I'm in the Meal Deal
Lack of dubstep-nerd cred question:

LD and LV - beyond the names, is there anything more to there relationship, i.e. familial, professional, etc? I know they've both had stuff on Hyperdub but does it go any deeper than that? I just seems odd for 2 people to have such similar pseudonyms.
 

Tentative Andy

I'm in the Meal Deal
Cheers.
Looking back, I probably phrased that question in the most over-elaborate way possible.
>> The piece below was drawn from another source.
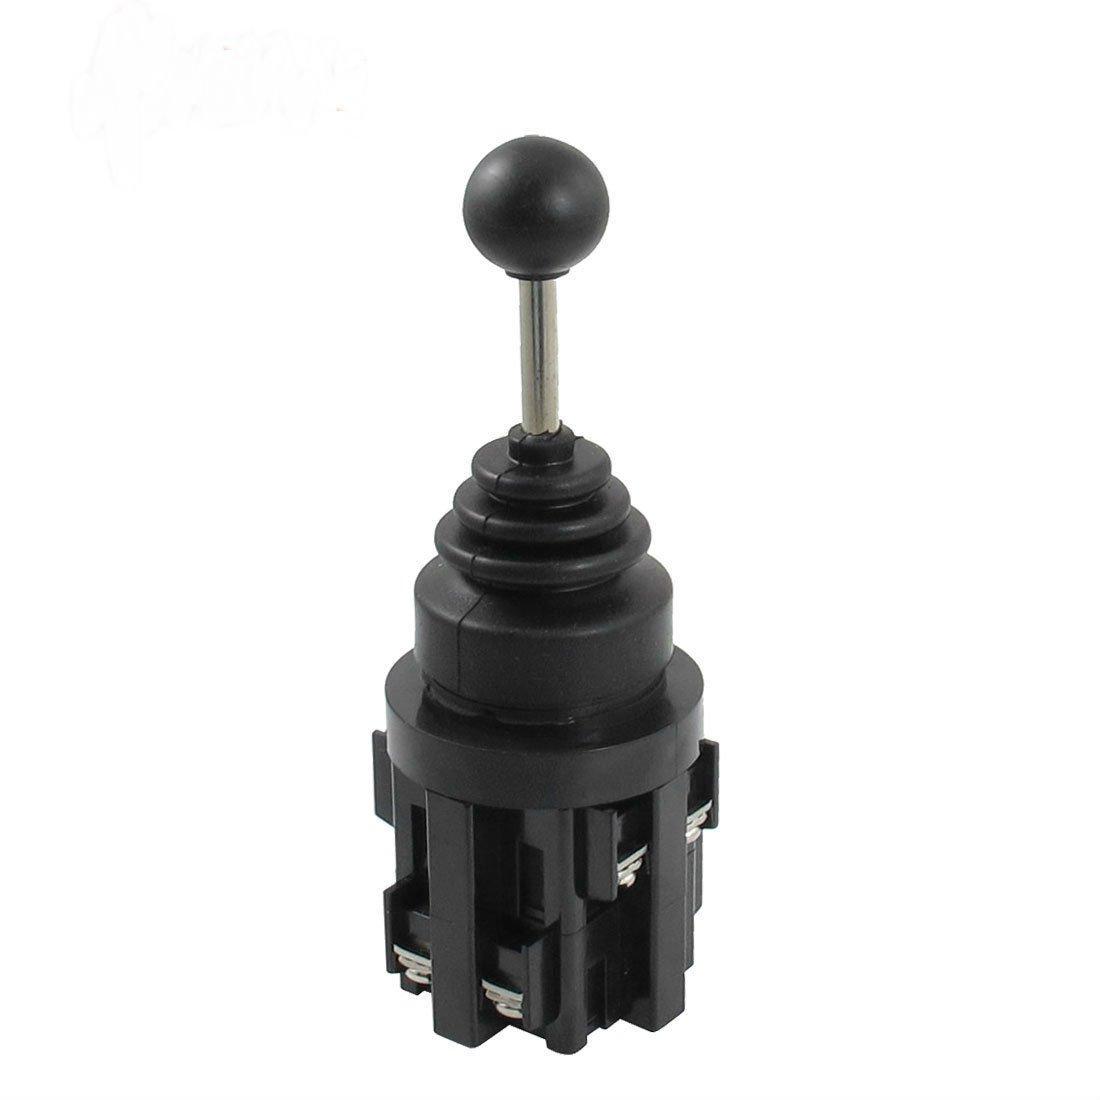 SPST 4NO Four Position Momentary Monolever Joystick Switch 600V db

Clearly out of posting practice. :confused: :eek:
 

Slothrop

Tight but Polite
Questions arising from University of Dub:
1) What exactly is 'steppers' as in 'roots, dub and steppers'?
2) Why do Aba Shanti-I have all their equipment at head height?
 

john eden

male pale and stale
steppers is basically four to the floor stuff these days, I think.

head height - basically follows on from shaka I guess - I've always assumed it is so the line of sight for putting the needle on the tune is as short as possible or something.

How was Fatman, though? curious about that as they are not known for playing uk dub stuff...
 

michael

Bring out the vacuum
Yeah, steppers is usually used when describing, say, a track that feels like 70bpm and then the 4 to the floor kick comes in double-time so it's a bit like 140bpm house vibes doof doof doof doof.
 

Bang Diddley

Well-known member
steppers is basically four to the floor stuff these days, I think.

head height - basically follows on from shaka I guess - I've always assumed it is so the line of sight for putting the needle on the tune is as short as possible or something.

How was Fatman, though? curious about that as they are not known for playing uk dub stuff...

Ive been told the head height thing is also to help to the the id of the record a secret.